Едва дождавшись, когда его заменит Ромуальд, он в драном ватнике и облезлой шапке – такая форма одежды была характерна для вахтенных в любое время года – хватал свою гармонику и убегал куда-то за кипы досок, горы угля, кучи металлолома. Там он вытаскивал из кармана заветную полулитровую бутылочку и начинал концерт по заявкам. Репертуар был в основном русским народным: про Варяг, ямщика и милую мою. О террористах в то время еще не знали, поэтому в штате портов служба безопасности занималась лишь чисто пропускными делами – Блюмберга никто не тревожил. Подойдет усталый докер, послушает с минуту и уходит по своим делам. А Коля наяривает, подвывая себе сквозь закушенную папиросу. Потом хлопнет водочки, занюхает отворотом фуфайки, раскурит папироску – и снова пальцы устремляются в бег по черно-белым кнопочкам.
Там его и находили под утро, когда приходило его время вновь заступать на вахту, сладко спящего с гармошкой в обнимку.
А Вадик Савела все никак не мог отойти от своей армии.
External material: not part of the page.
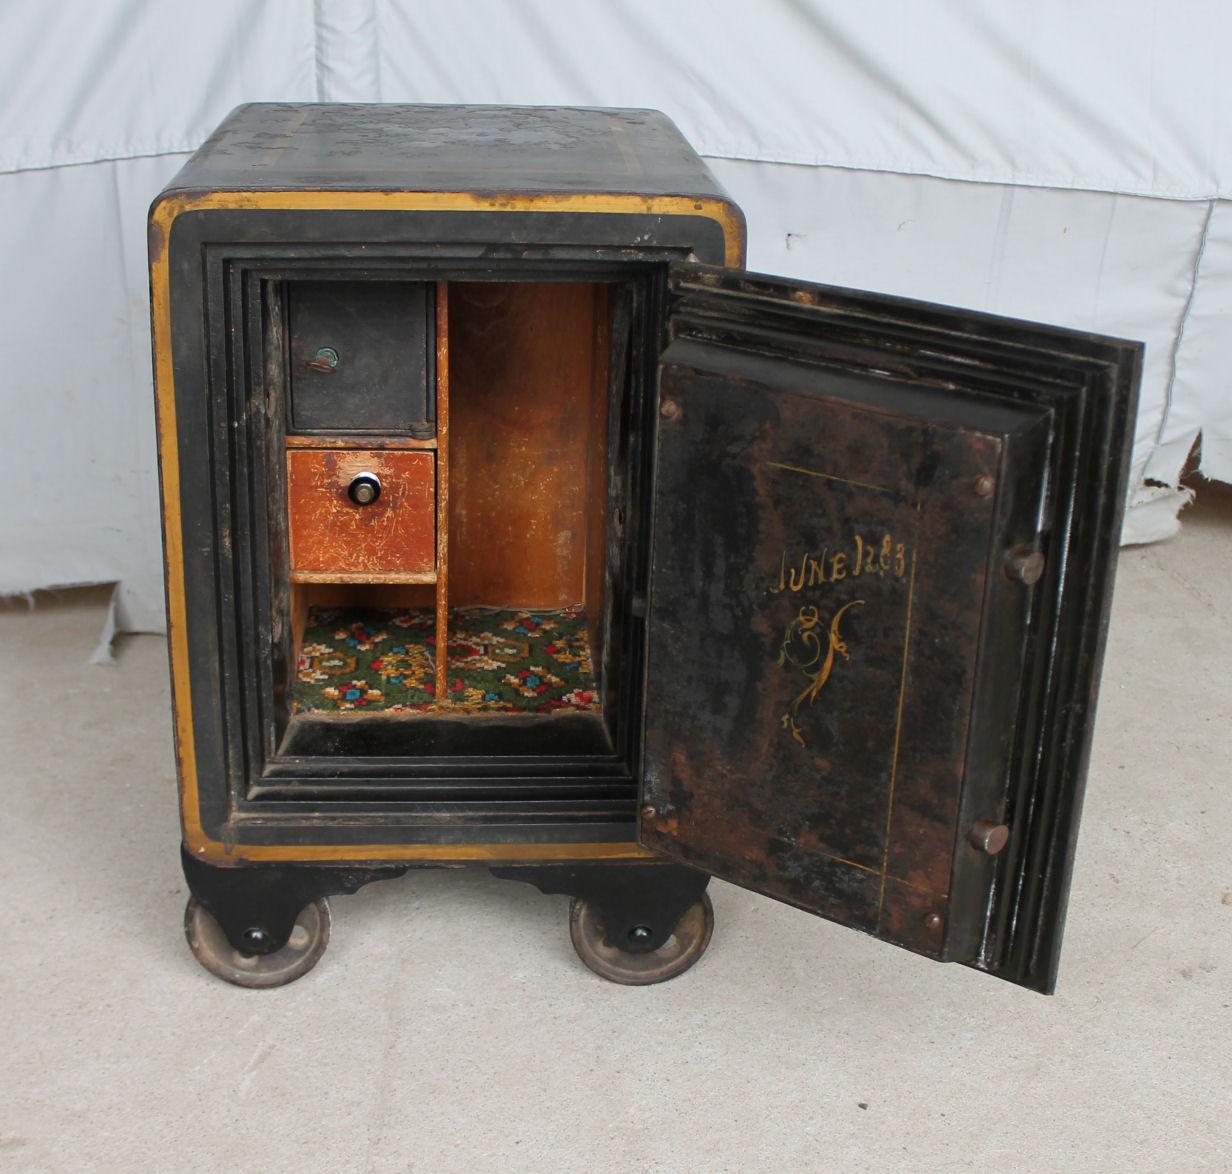 Bargain Johns Antiques  Antique Iron Safe  Alpine  Bargain Johns Antiques
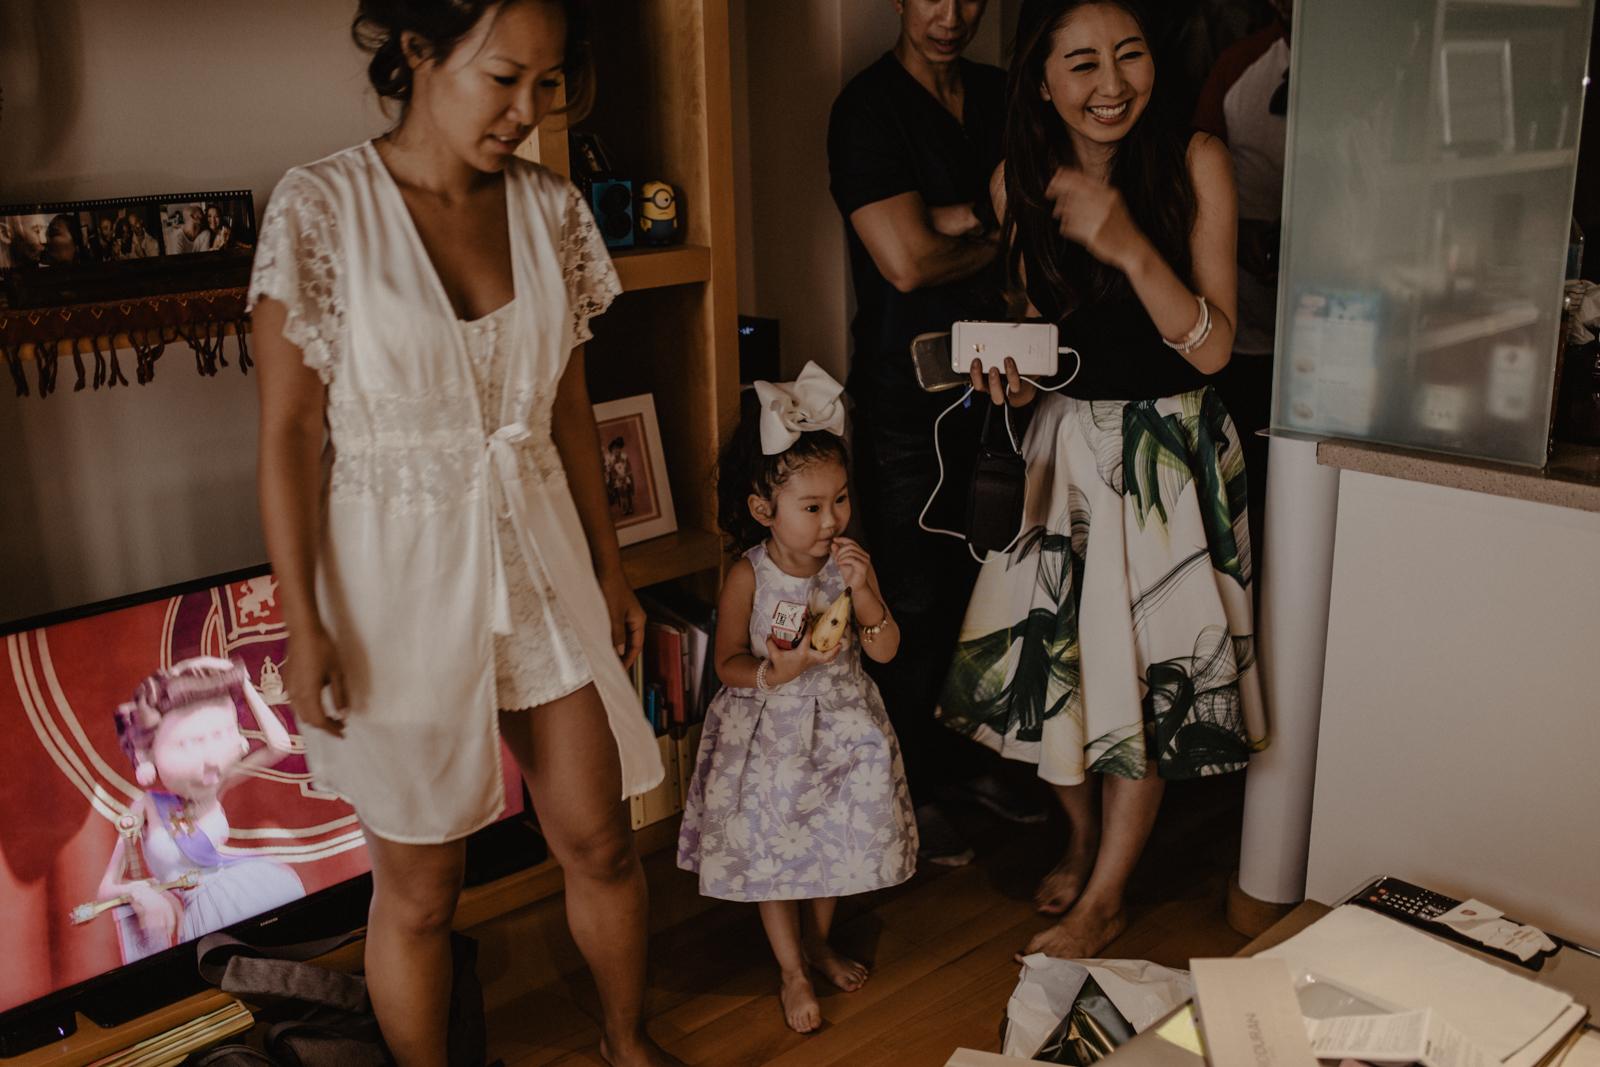 thenortherngirlphotography_photography_thenortherngirl_rebeccascabros_wedding_weddingphotography_weddingphotographer_barcelona_bodaenlabaronia_labaronia_japanesewedding_destinationwedding_shokoalbert-67.jpg

Он никогда не выпускал изо рта сигареты, временами при безопасных стечениях обстоятельств меняя ее на самолично забитые «козьи ножки». После этого глаза Вадика наливались кровью и он, раздувая ноздри, говорил о собаках. По его понятиям собаки – это овчарки. Остальные – извините, дерьмоеды. Савела не скрывал того, что однажды был подстрелен где-то в Азербайджане, но никогда не рассказывал о своих войсках. Прослужил он на полгода больше положенного срока, но не сожалел об этом нисколько. Грустил он только о двух своих собаках, которые погибли одна за другой. «Как же так не уберег?» – говорил он, стекленел глазами и сжимал кулаки.
Остальной экипаж за редким исключением мог без всякого отборочного тура участвовать в конкурсе «Негодяй года». Ромуальд пытался себя успокоить, что на пароходах редко встречается столько придурков одновременно, но это было не так просто.
Капитан был известен в пароходстве, как Толя-Нос. Действительно, его носик аккуратным назвать было трудно, просилось другое слово: шнобель. Но кличка прижилась не по чисто фигуральным качествам. Мастер всюду пихал свой нос, ему было дело до всего. Каждый приход в родной порт характеризовался интенсивным курсом лечения от «психоза». Прямо к трапу подъезжал на машине сын и грузил бормочущего проклятия отца на заднее сиденье. Потом отвозил его к капельнице, клизме и врачам. Через несколько дней Толя-Нос появлялся на судне, одетый в форменный френч и с беретом на лбу, и заново знакомился с экипажем. Почему-то за время лечения он успевал забывать своих подчиненных, с которыми отработал до этого целый месяц.
Толя-Нос, горя энтузиазмом, бегал по рубке с борта на борт и придумывал рационализаторские предложения. Однажды ему показалось, что ветер, попусту гуляющий по морю, можно приручить и использовать. «Парус!» – кричал он в восторге. – «Мы установим парус!» Две недели после этого матросы и механики разрабатывали трубчатую конструкцию для установки самодельной мачты. Работа кипела и днем, и ночью. Механики матерились, но капитан каждого персонально пугал всеми пароходскими карами и не давал возможности спать более 4 часов. Дед, известный, как Левин, грыз своих подчиненных, как зоновский вертухай каторжан. Он был любитель, точнее – профессионал, в издевательстве над нижними чинами. А матросы превратились в белошвеек во главе с главной портной – боцманом. Самодельными иглами из подручного брезента они созидали паруса. Переходы на Балтике между портами небольшие, двое – трое суток, но настал, наконец-то, день испытаний.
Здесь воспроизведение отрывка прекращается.